Correlation Between An Shin and Lian Hwa
Can any of the company-specific risk be diversified away by investing in both An Shin and Lian Hwa at the same time? Although using a correlation coefficient on its own may not help to predict future stock returns, this module helps to understand the diversifiable risk of combining An Shin and Lian Hwa into the same portfolio, which is an essential part of the fundamental portfolio management process.
By analyzing existing cross correlation between An Shin Food Services and Lian Hwa Foods, you can compare the effects of market volatilities on An Shin and Lian Hwa and check how they will diversify away market risk if combined in the same portfolio for a given time horizon. You can also utilize pair trading strategies of matching a long position in An Shin with a short position of Lian Hwa. Check out your portfolio center. Please also check ongoing floating volatility patterns of An Shin and Lian Hwa.

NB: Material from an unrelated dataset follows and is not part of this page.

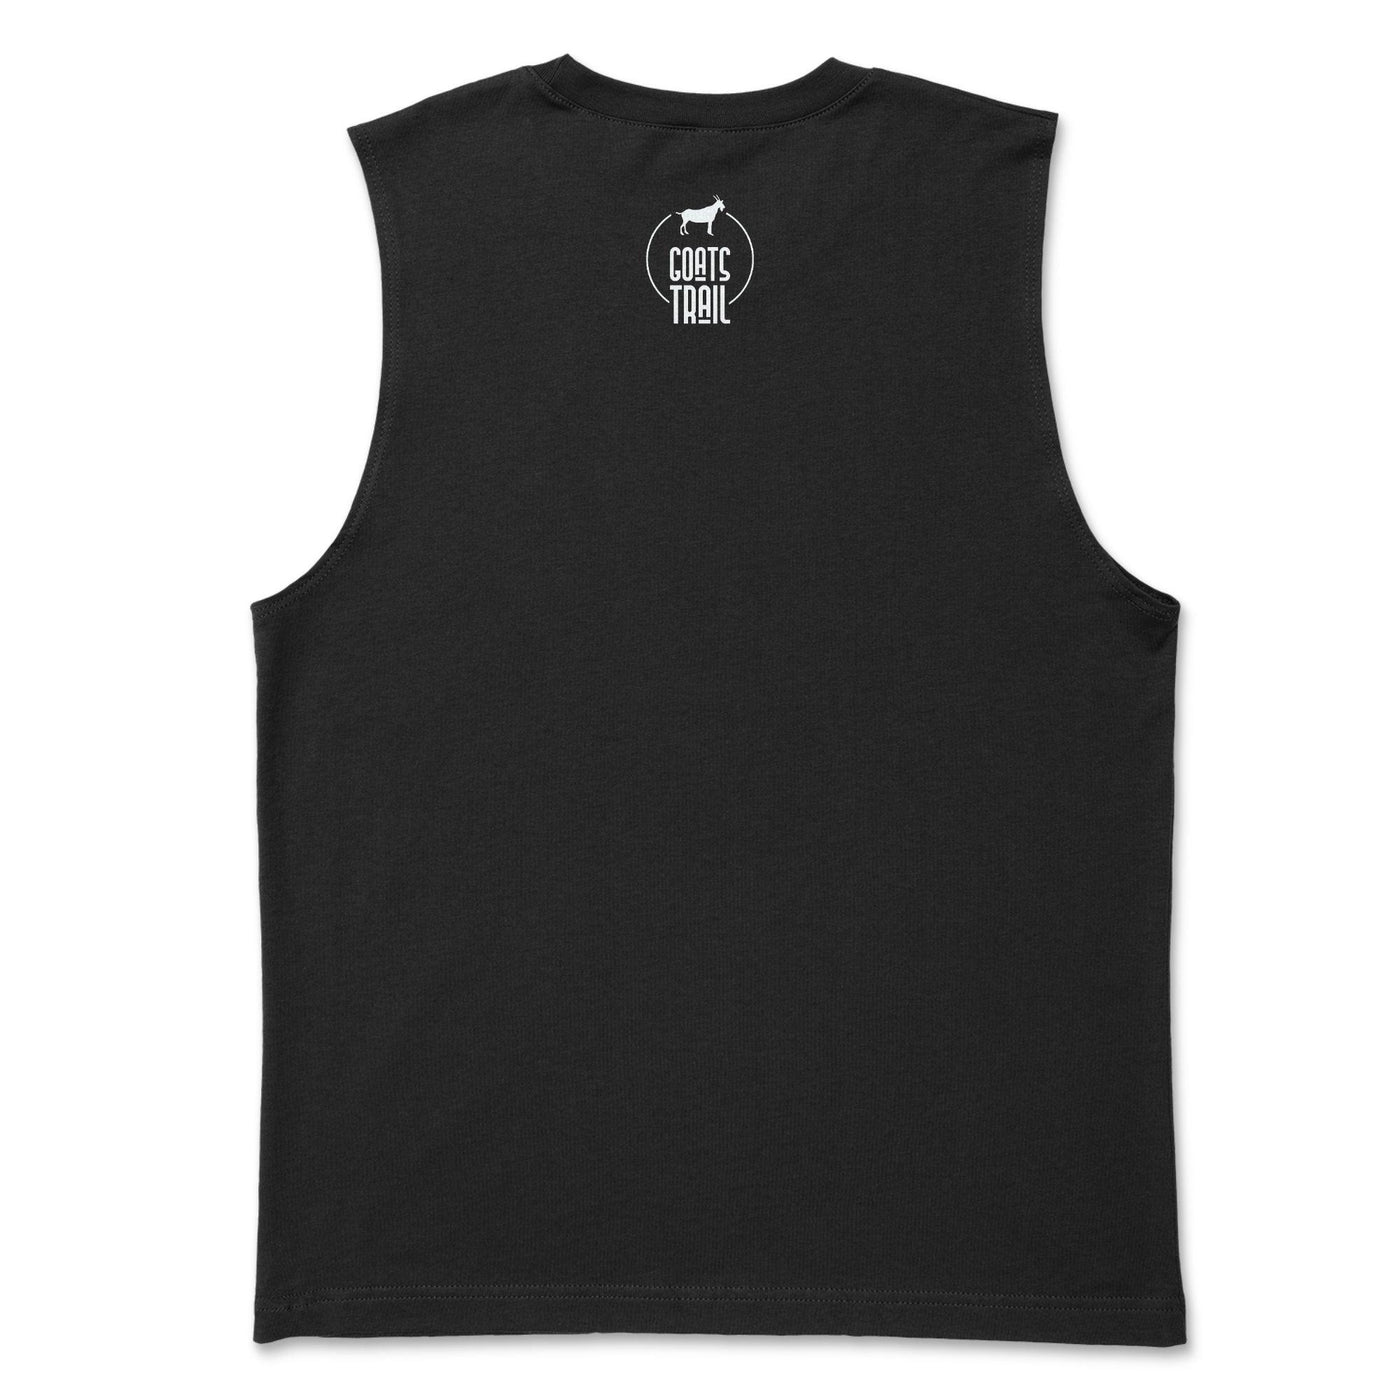 Just Gonna Send It Men's Muscle Tank - Goats Trail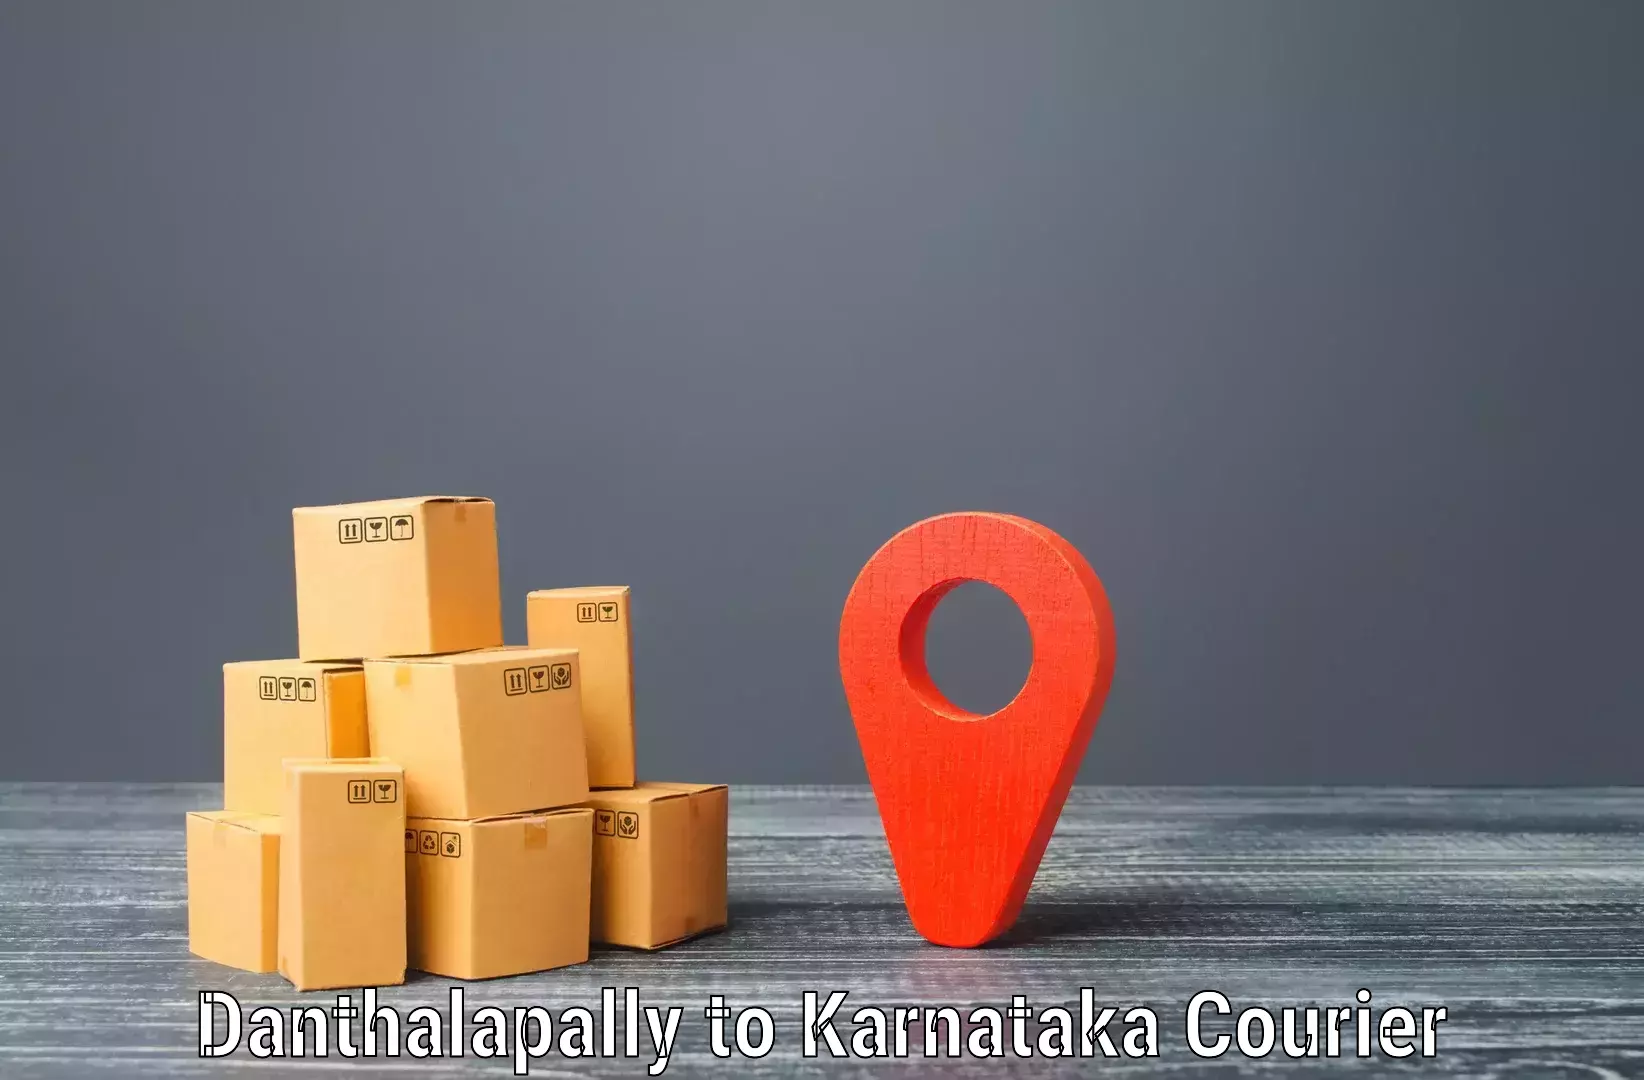 Express package services Danthalapally to Mulbagal

Diversification Opportunities for An Shin and Lian Hwa
Very good diversification
The 3 months correlation between 1259 and Lian is -0.44. Overlapping area represents the amount of risk that can be diversified away by holding An Shin Food Services and Lian Hwa Foods in the same portfolio, assuming nothing else is changed. The correlation between historical prices or returns on Lian Hwa Foods and An Shin is a relative statistical measure of the degree to which these equity instruments tend to move together. The correlation coefficient measures the extent to which returns on An Shin Food Services are associated (or correlated) with Lian Hwa. Values of the correlation coefficient range from -1 to +1, where. The correlation of zero (0) is possible when the price movement of Lian Hwa Foods has no effect on the direction of An Shin i.e., An Shin and Lian Hwa go up and down completely randomly.
Pair Corralation between An Shin and Lian Hwa
Assuming the 90 days trading horizon An Shin is expected to generate 4.3 times less return on investment than Lian Hwa. But when comparing it to its historical volatility, An Shin Food Services is 2.51 times less risky than Lian Hwa. It trades about 0.18 of its potential returns per unit of risk. Lian Hwa Foods is currently generating about 0.3 of returns per unit of risk over similar time horizon. If you would invest 15,000 in Lian Hwa Foods on November 28, 2024 and sell it today you would earn a total of 1,800 from holding Lian Hwa Foods or generate 12.0% return on investment over 90 days.
Time Period | 3 Months [change] |
Direction | Moves Against |
Strength | Very Weak |
Accuracy | 100.0% |
Values | Daily Returns |
An Shin Food Services vs. Lian Hwa Foods
Performance |
Timeline |
An Shin Food |
Lian Hwa Foods |
An Shin and Lian Hwa Volatility Contrast
Predicted Return Density |
Returns |
Pair Trading with An Shin and Lian Hwa
The main advantage of trading using opposite An Shin and Lian Hwa positions is that it hedges away some unsystematic risk. Because of two separate transactions, even if An Shin position performs unexpectedly, Lian Hwa can make up some of the losses. Pair trading also minimizes risk from directional movements in the market. For example, if an entire industry or sector drops because of unexpected headlines, the short position in Lian Hwa will offset losses from the drop in Lian Hwa's long position.An Shin vs. International CSRC Investment | An Shin vs. Onyx Healthcare | An Shin vs. Taiwan Speciality Chemicals | An Shin vs. China Airlines |
Lian Hwa vs. Lien Hwa Industrial | Lian Hwa vs. Charoen Pokphand Enterprise | Lian Hwa vs. Great Wall Enterprise | Lian Hwa vs. Uni President Enterprises Corp |
Check out your portfolio center.Note that this page's information should be used as a complementary analysis to find the right mix of equity instruments to add to your existing portfolios or create a brand new portfolio. You can also try the Risk-Return Analysis module to view associations between returns expected from investment and the risk you assume.